Он забыл опустить монету в ближайший автомат платной стоянки!
Телевизоры кристаллических полицейских обнаружили машину, рискнувшую не уплатить за стоянку, автоматы контроля вызвали Бродячий Пресс, и тот сплющил «хоркрайт» Прайса в лепешку.
Прайс потрогал рукой еще теплый металлический блин. Теперь он мог надеяться только на самого себя, на свои ноги, на свою выдержку и на свои силы.
Стеклобетонная полоса необозримой ширины, тускло освещенная подземными световыми люками, вела к Ярмарке. Прайс шагал, отсчитывая расстояние по количеству световых люков, оставляемых позади. Он насчитал сто семнадцать светящихся овалов, когда вышел наконец на предъярмарочную площадь.
Пеструю Ярмарку устроили на землях, скупленных по дешевке, на болоте, кое-как засыпанном городским мусором. Наспех уложенный асфальт просел, избороздился трещинами, которые беспорядочной сетью покрыли нескончаемый серый плац. Трещины густо замазали черной смолой. Белые и красные шуцлинии, указывающие развороты и стоянки машин, не внесли упорядоченности в черную паутину смолы, наоборот, наложив на нее свою полицейскую геометрию, разорвали паутину на куски, усиливая хаос.

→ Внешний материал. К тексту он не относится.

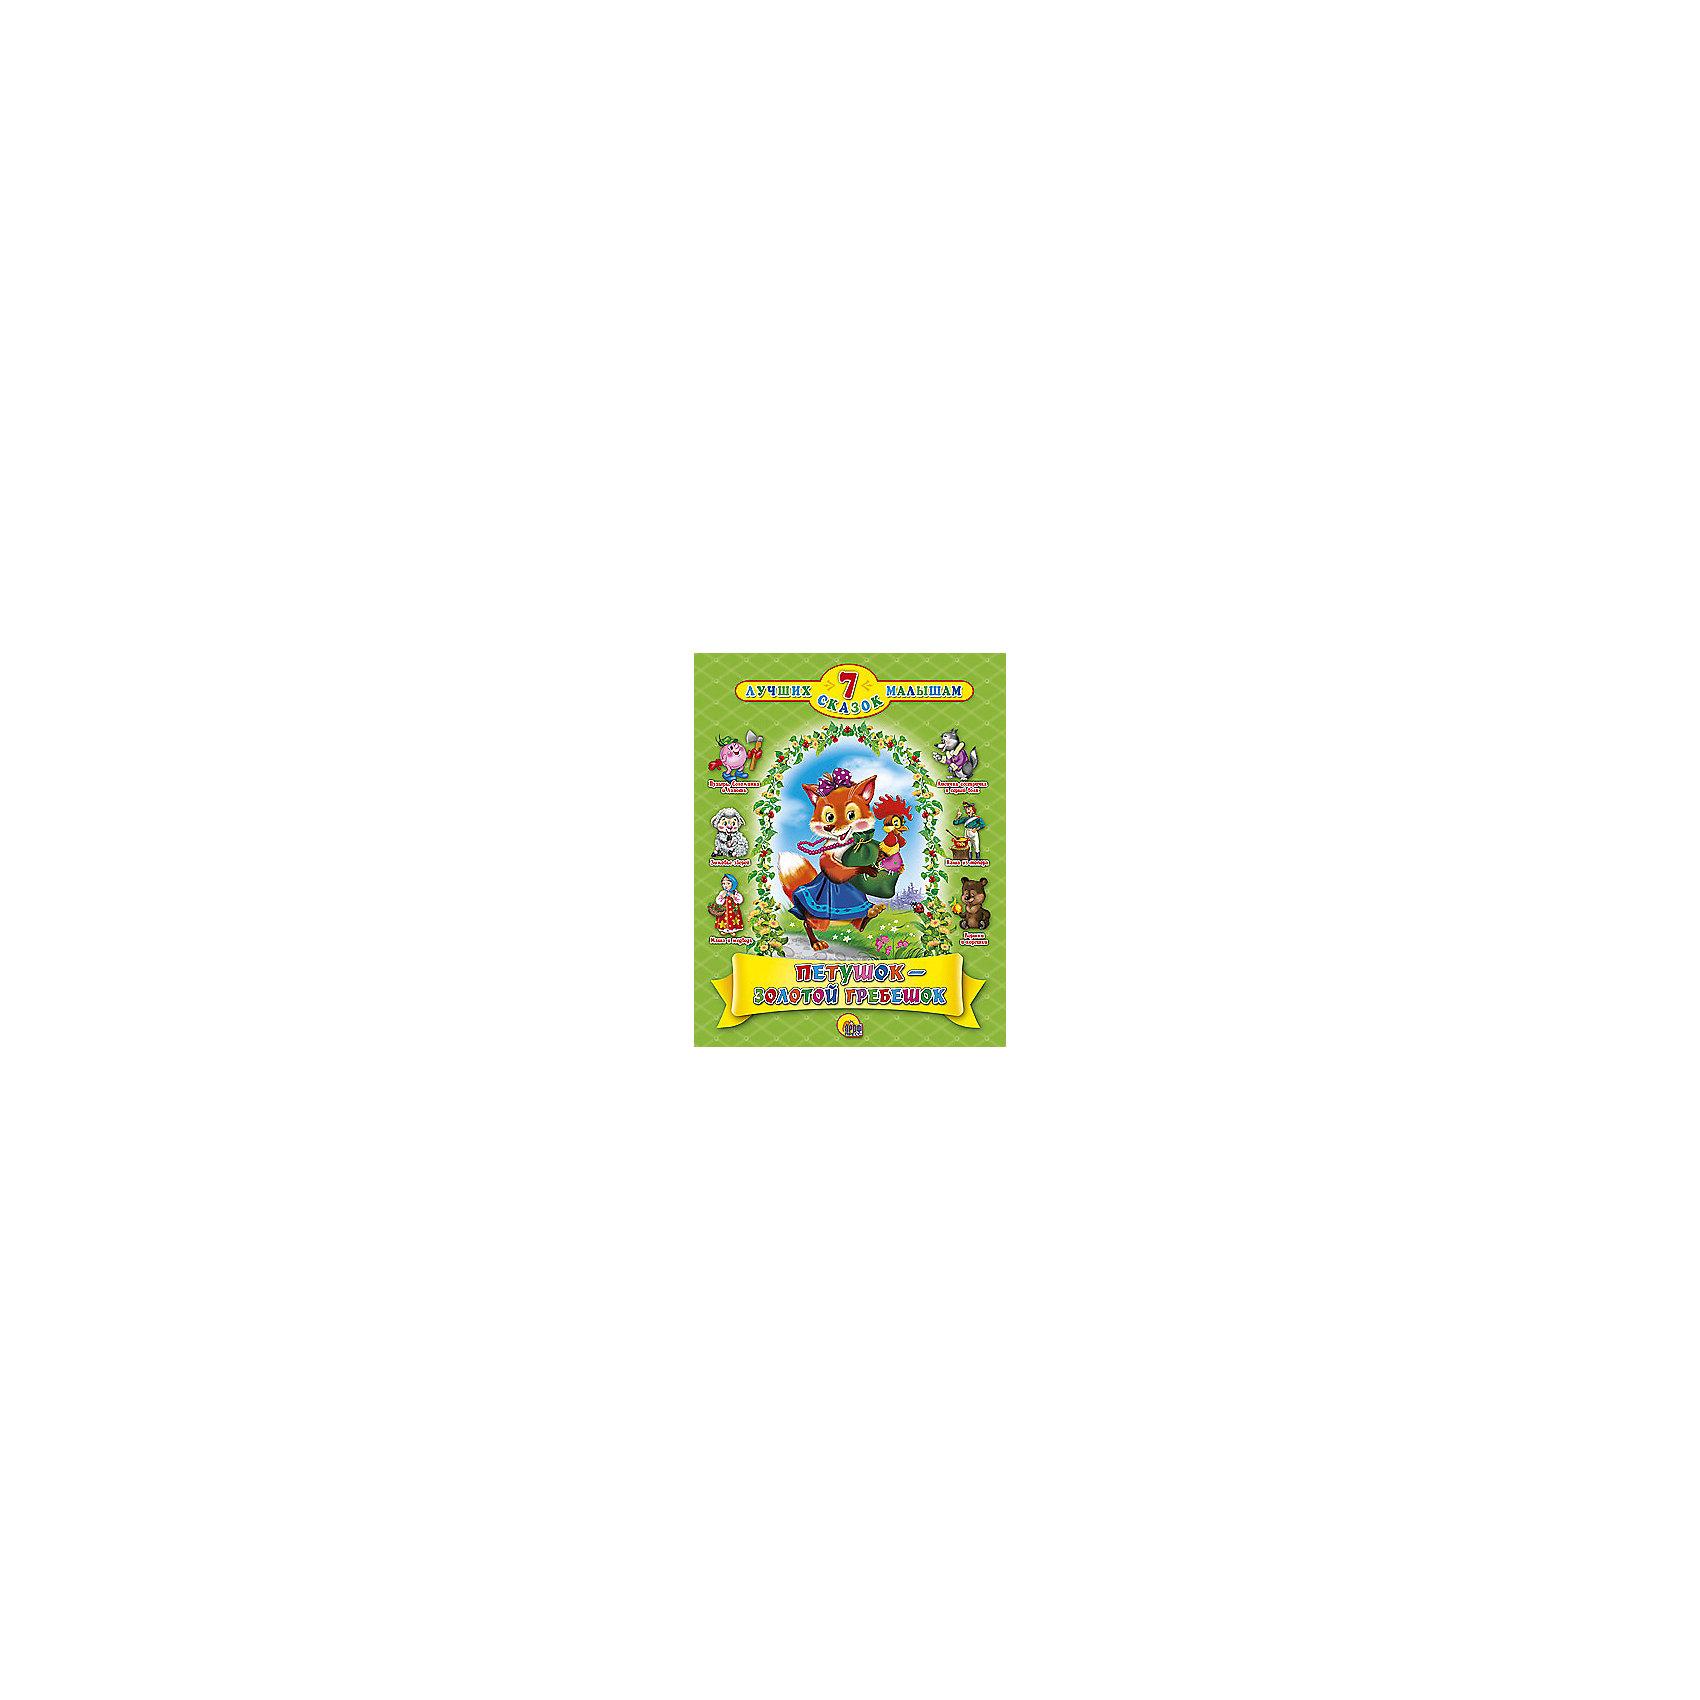 Петушок-золотой гребешок, 7 сказокРусские сказки<br>В книге Петушок-золотой гребешок вы найдете 7 всеми любимых сказок, с которыми приятно будет познакомить малыша. Яркие иллюстрации со зверюшками понравятся ребенку и вызовут интерес к чтению. Прекрасный выбор для чтения самым маленьким!<br>Содержание: Петушок-золотой гребешок, Маша и медведь, Вершки и корешки, Каша из топора, Зимовье зверей, Лисичка-сестричка и волк, Пузырь, соломинка и лапоть<br>Дополнительная информация:<br>Издательство: Проф-Пресс<br>Год выпуска: 2016<br>Серия: 7 лучших сказок малышам<br>Обложка: твердый переплет<br>Иллюстрации: цветные<br>Количество страниц: 80<br>ISBN:978-5-378-02645-6<br>Размер: 25,5х1х20 см<br>Вес: 310 грамм<br>Книгу Петушок-золотой гребешок можно купить в нашем интернет-магазине.<br><br>Ширина мм: 200<br>Глубина мм: 10<br>Высота мм: 255<br>Вес г: 310<br>Возраст от месяцев: 0<br>Возраст до месяцев: 36<br>Пол: Унисекс<br>Возраст: Детский<br>SKU: 4905878

Теперь Прайсу казалось, что, шагая каким-то особым образом, не переступая, к примеру, через красные полосы, а двигаясь только вдоль них, он укорачивает путь к воротам Ярмарки, сберегает силы и приближает исцеление. Но как ни старался он следовать своему плану пешего продвижения, сбивался, и старание это его еще больше утомляло. Так он брел, путаясь в липкой паутине смолы, увязая в ней, когда каблук попадал в особо жирную и свежую замазку трещины.
– Ни слова, ни звука! – вкрадчиво произнес кто-то совсем рядом. – Мне все известно! Мне доступен бессловесный анализ мыслей!
Рядом шел бродячий автомат-гадальщик, первый посол тысячеликого сонмища ярмарочных автоматов. Гадальщик, переваливаясь на коротких лапах, схожих с двумя утюгами, подлаживался под неуверенные шаги Прайса и нес привычную чушь про шестиугольные гороскопы и таинство линий на руке, настойчиво предлагал погадать на магическом кристалле из настоящего титаната бария.
Прайс оттолкнул бродячего хироманта, и тот остановился, обиженно раскачиваясь на лапах-утюгах.
У турникетов, отсчитывающих число посетителей ярмарки, невзрачный желто-белый автоматишко торговал пивом «Пупс». Дешевое пойло, которое можно пить галлонами: оно почти не утоляет жажду. Но сейчас даже самая малая банка пива – исцеляющий родник, за счастье припасть к которому не жаль отдать полжизни.
Коммивояжер остановился перед автоматом, облизывая пересохшие губы, потянул за галстук, ослабляя ошейник тугого воротника, и приготовился насладиться питьем. Он поднял правую руку… Указательный палец…
Указательный палец!
ПАЛЕЦ!
В дыру автомата надо вставить указательный палец правой руки. Это Автоматическая Ярмарка. Последнее достижение Торговой Супер-Автоматики. Все автоматы подчиняются тотальному Финансовому Центру. Вы суете палец в дырку. Электронный опознаватель молниеносно исследует микроузоры вашего уважаемого пальца, шифрует свои глубокомысленные выводы и сообщает их Тотальному Финансовому Центру. Узоры пальца неповторимы и строго индивидуальны – хвала всевышнему, создавшему их и облегчившему тем самым услуги Тотального Центра. Финансовый Центр выдирает стоимость покупки из текущего счета клиента и посылает автомату разрешение на выдачу товара. Масса удобств! Не надо возиться с засаленными бумажками и металлическими кругляшками, не надо таскать с собой безнадежно старомодные кошельки. Надо лишь иметь с собой палец. А он всегда при себе.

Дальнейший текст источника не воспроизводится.